Call to Action: Contributing to Open Source
- The importance of contributing to open-source projects and making that first step, such as opening a pull request or addressing a bug report, is emphasized, as it can lead to a long and rewarding journey (1h2m15s).
- The story of how someone's journey started with contributing to open-source projects at a young age, and how it led to them being able to contribute back and run a company that works with open source, is shared as an example (1h1m32s).
- The younger people on the call are encouraged to make that first step and contribute to open-source projects, even if it's just a small contribution, as it can lead to new challenges and opportunities (1h2m17s).
- The importance of taking the first step and not being afraid to try, even when unsure of what one is doing, is emphasized as a crucial aspect of personal and professional growth (1h3m2s).
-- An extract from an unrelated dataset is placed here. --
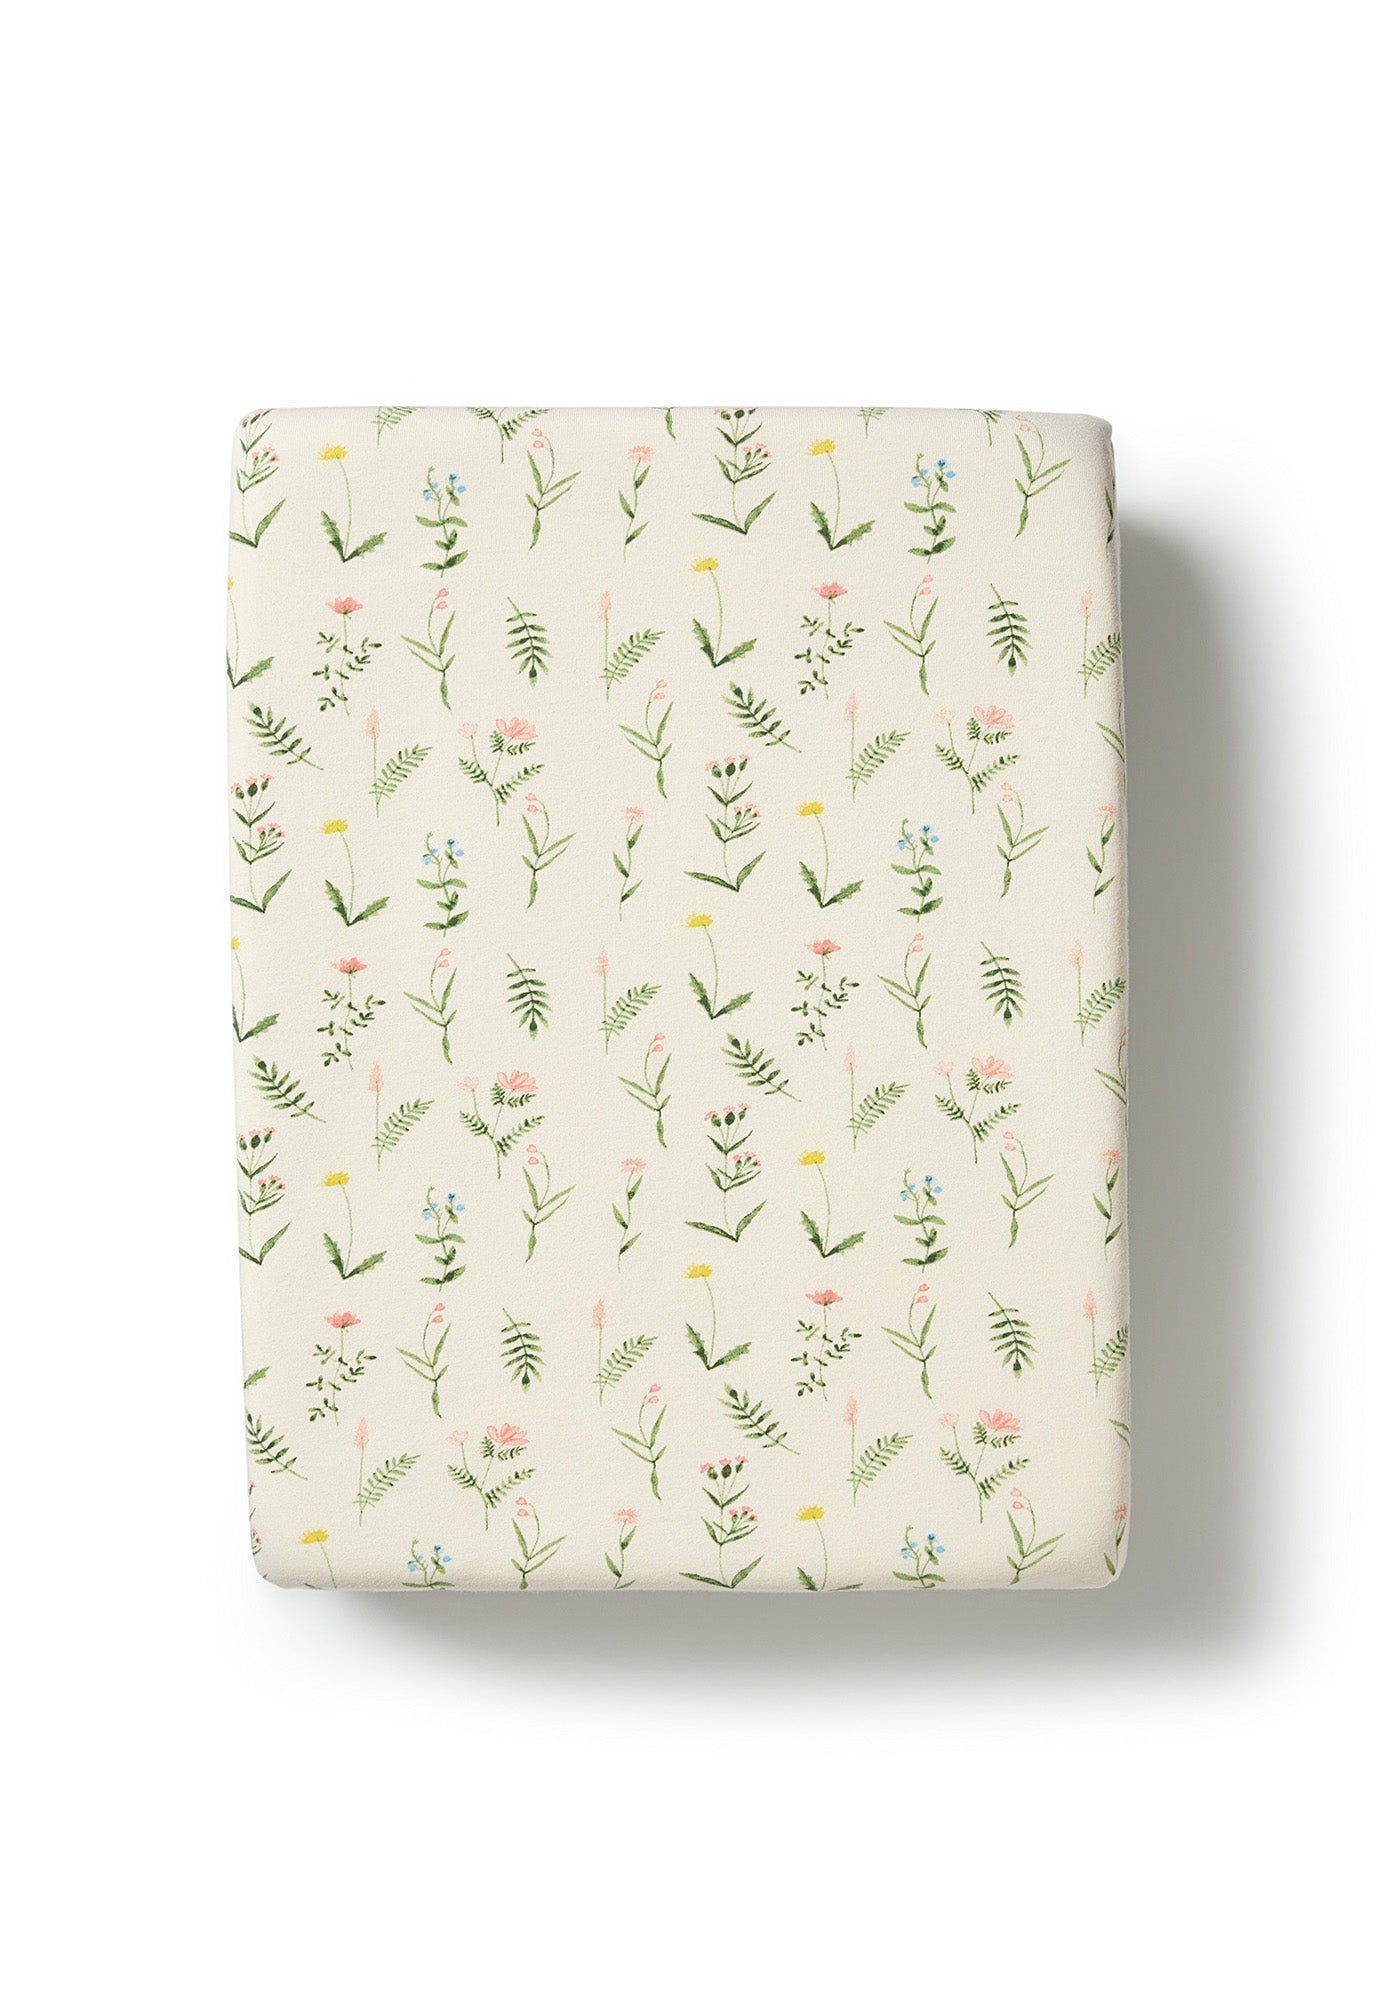 wilson & frenchy - bassinet sheet - wild flower

- It is suggested that individuals should take an issue, spend time trying to figure it out, and not give up, even if progress is slow or difficult (1h3m33s).
- The value of persistence and always moving forward, even in the face of setbacks or failures, is highlighted as a key principle for success in life, open source, contributing, learning, and software engineering (1h3m53s).
- The idea of always getting back up and trying again, even if one encounters obstacles or failures, is repeated as a crucial mindset for achieving goals and making progress (1h4m5s).
- The speaker shares their personal experience of participating in a Google-sponsored hackathon, where they did not win but continued to work on their project, eventually leading to involvement in open source and recognition from companies like Red Hat and Canano (1h5m58s).
- The speaker's journey is cited as an example of how taking the first step, persisting, and continuing to learn and grow can lead to unexpected opportunities and successes (1h5m50s).
- The advice to put in the time and effort, even if progress is slow, and to not give up on one's goals is emphasized as a key takeaway for individuals, especially those who are younger and just starting out (1h5m30s).
Conclusion and Next Steps
- The conversation concludes with appreciation for the guest, Nathan, and his attitude towards open source, which is seen as inspiring and crucial for its sustainability (1h6m41s).
- Nathan is invited to return and demo remediation, a feature that is expected to be developed in the future (1h6m57s).
- Viewers, especially those working in enterprises, are encouraged to use the tools and augment themselves, rather than suffering, and to support open source projects (1h7m12s).
- The host thanks Nathan again and wishes him a great rest of the week, while also inviting him to come back anytime (1h7m23s).
- The host thanks the audience for staying and encourages them to check out the project, leave a star, and continue supporting open source (1h7m43s).
- The host announces a two-week hiatus due to the American holiday and Thanksgiving, but promises to resurface some of the best episodes during that time (1h7m51s).
- The host thanks the audience for their support of open source and wishes everyone an awesome weekend (1h8m5s).